Skip the pictures and copy all the data that follows exactly.

--- SUPPLIED DATA ---
▶

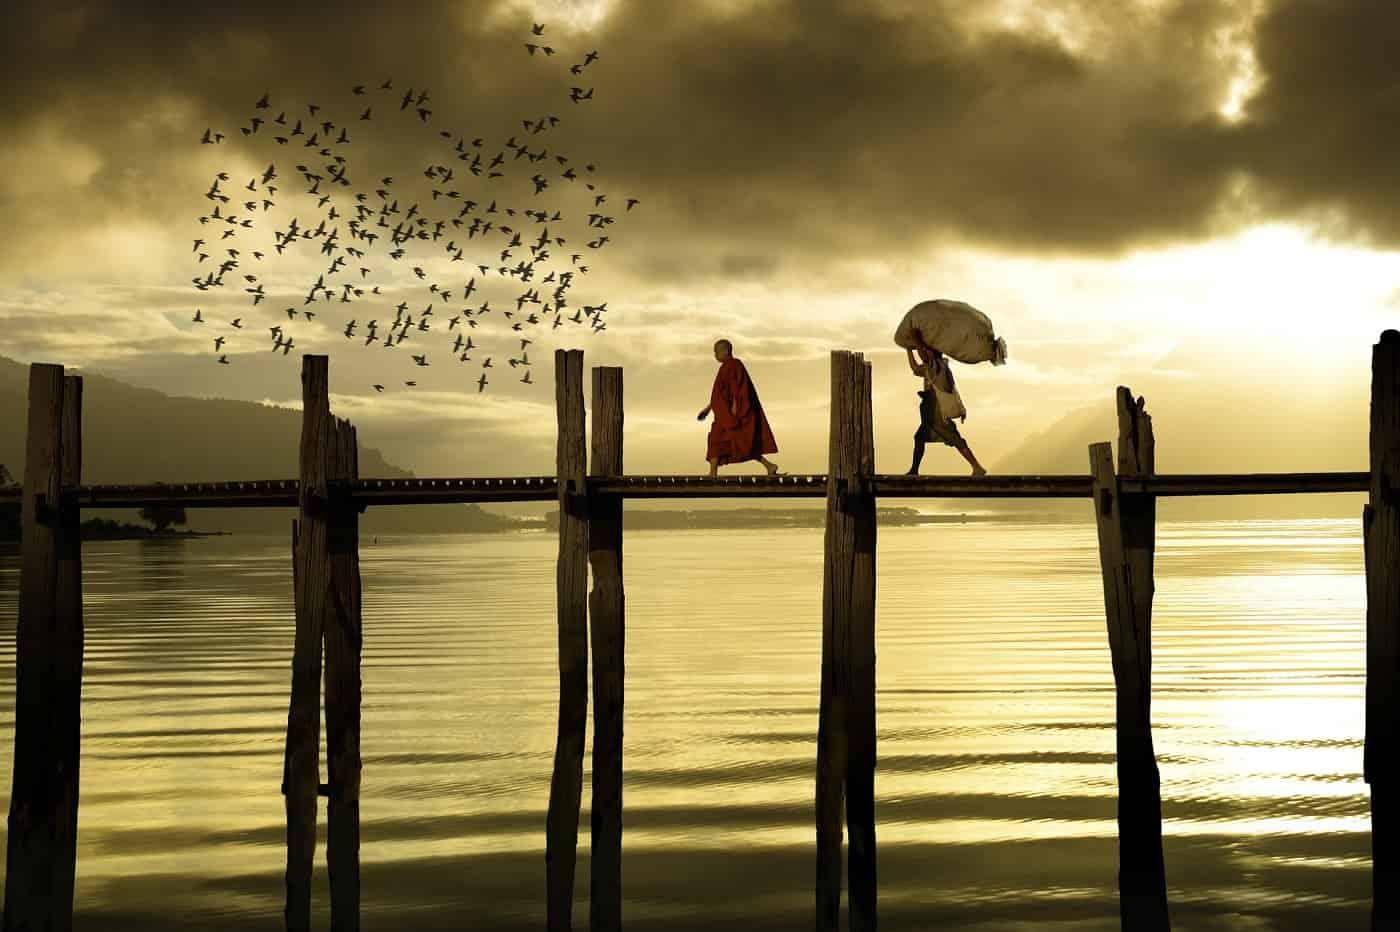 Monk and layman walking across bridge
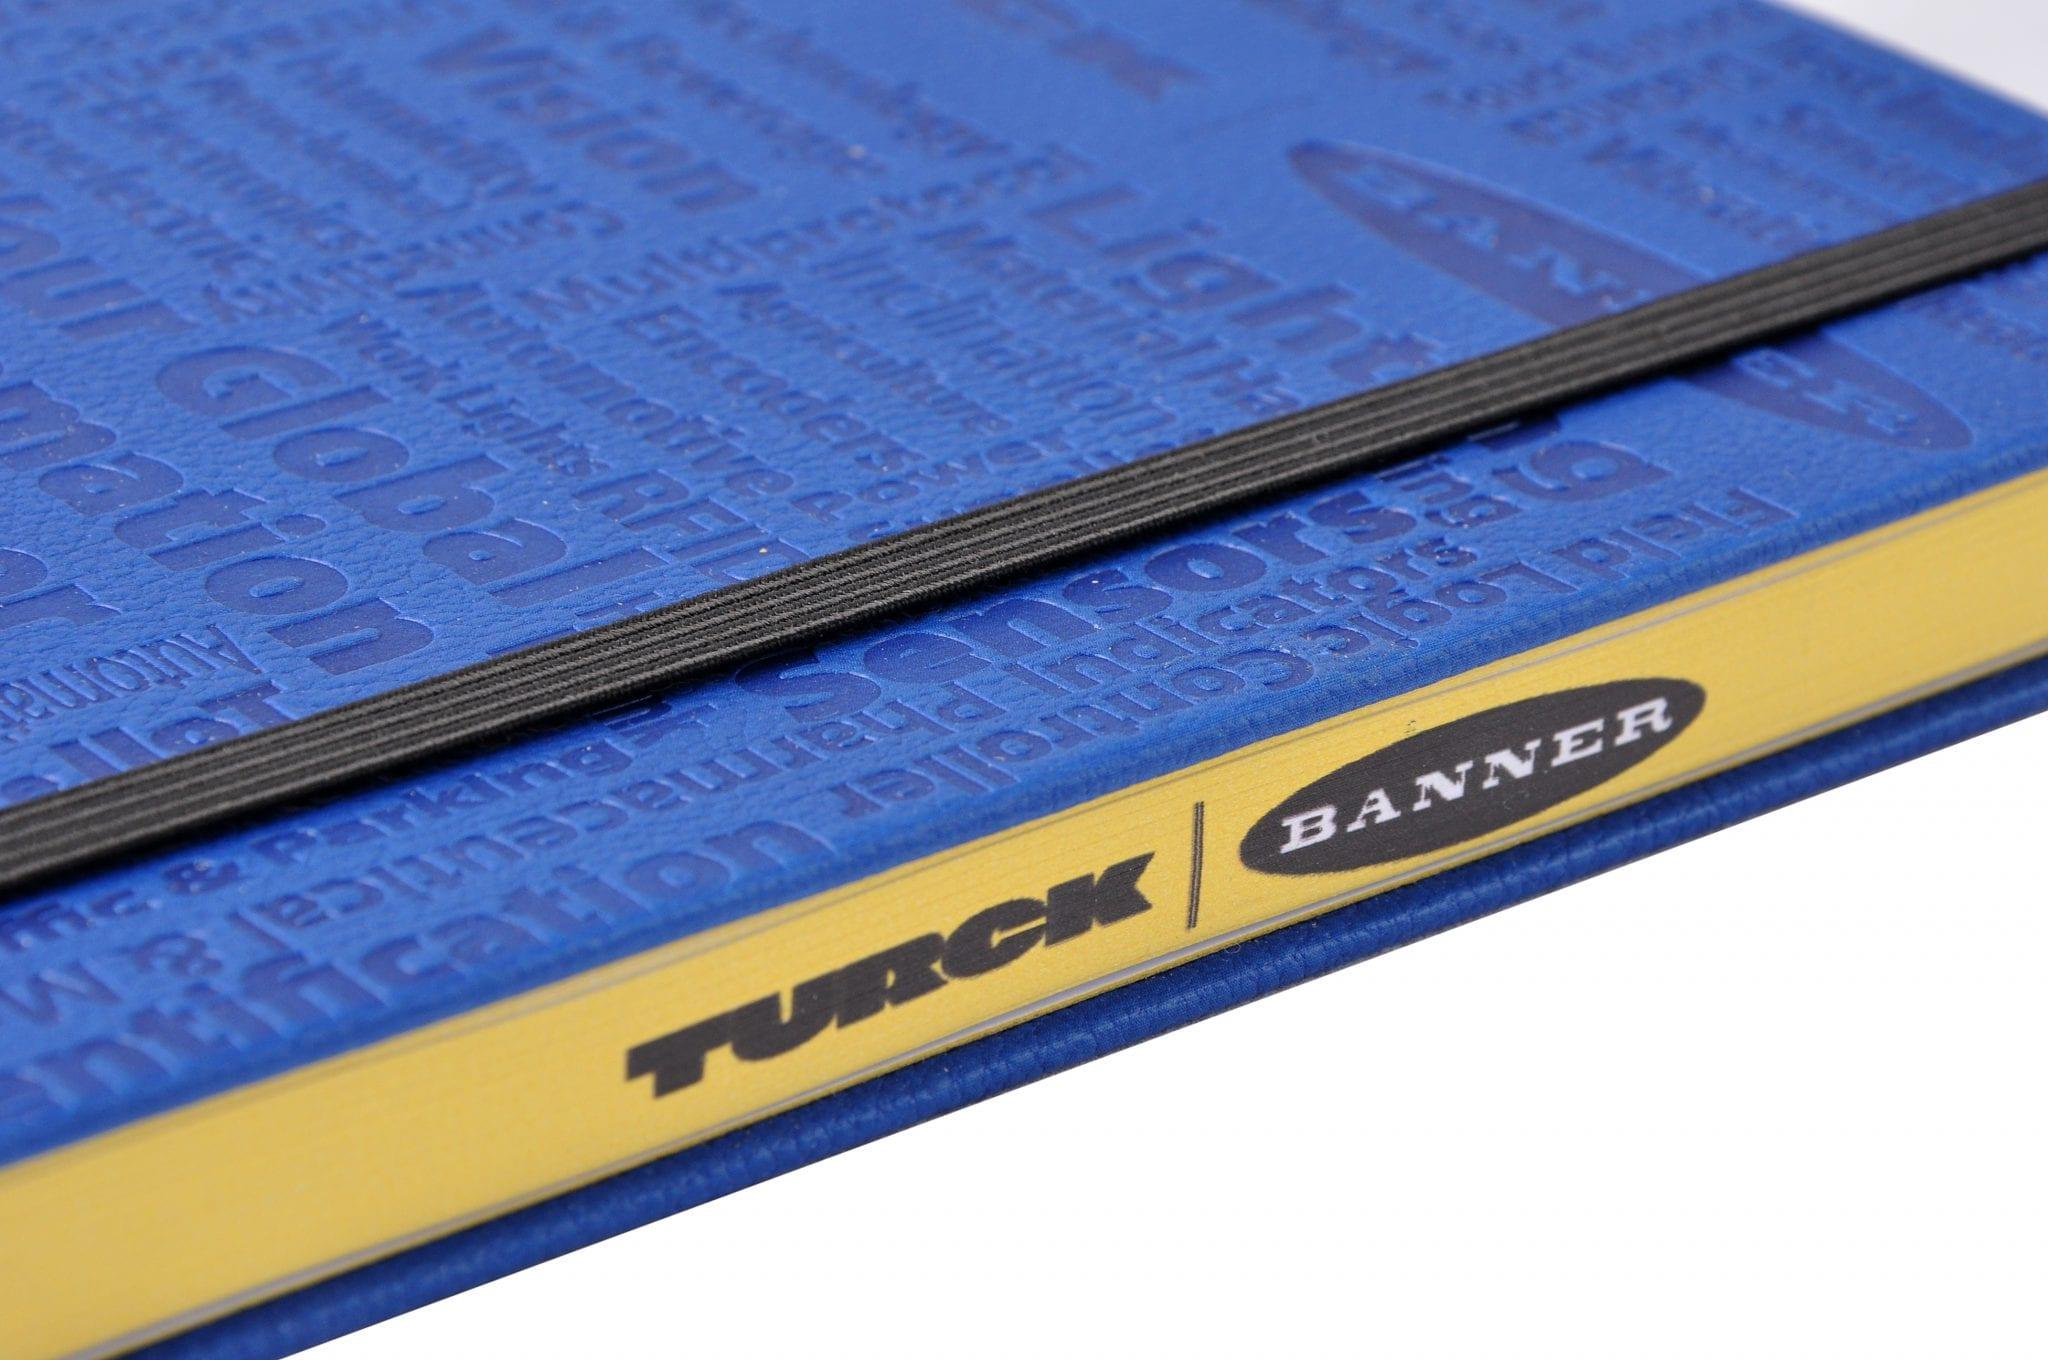 Printed paper edge
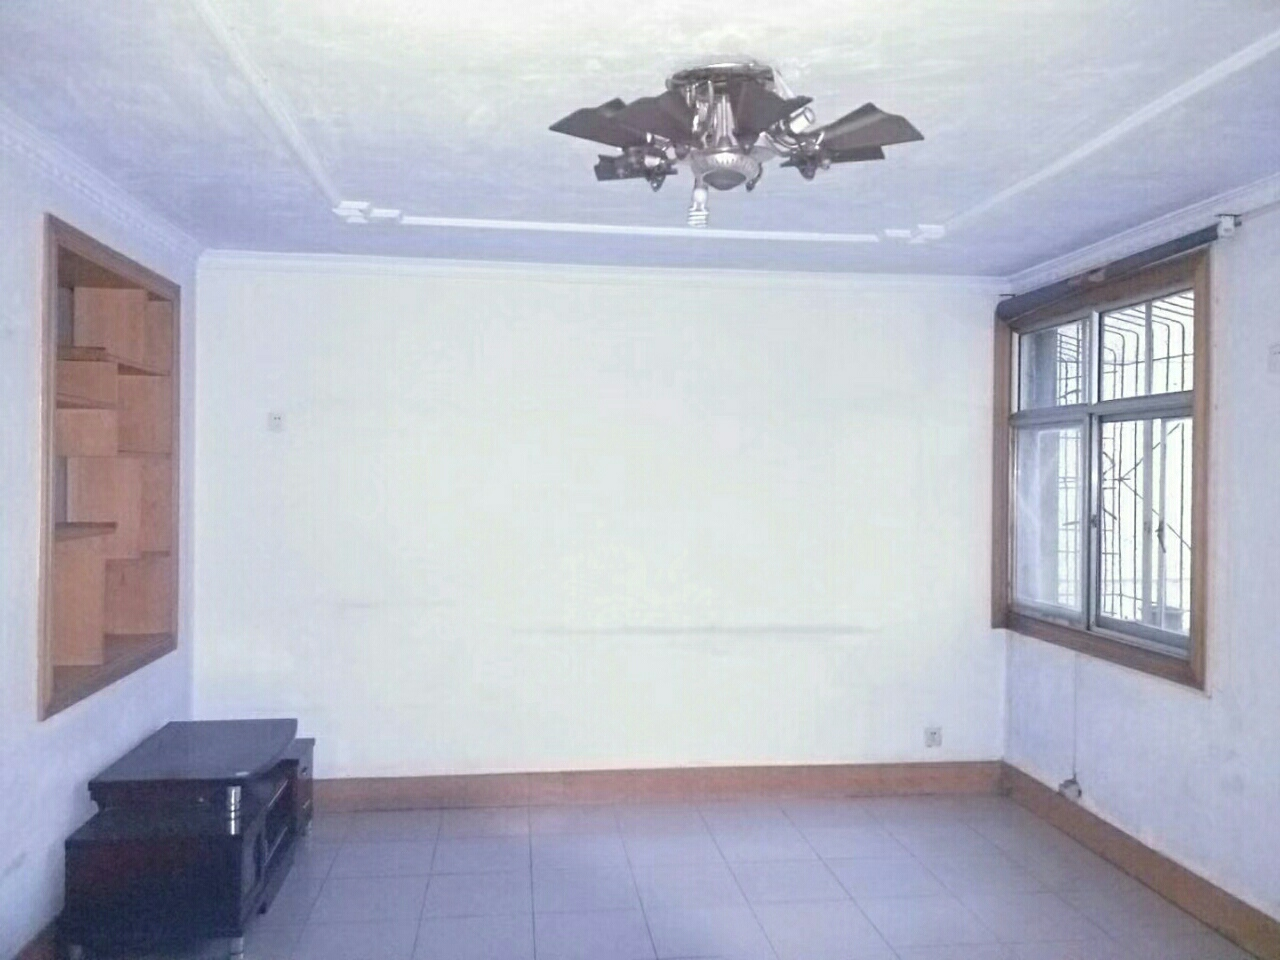 唐訾路 新六中 訾家瀼莊小區 低層三室 鳳凰小區

◀

--- RESPONSE ---
 Monk and layman walking across bridge
 Printed paper edge
 唐訾路 新六中 訾家瀼莊小區 低層三室 鳳凰小區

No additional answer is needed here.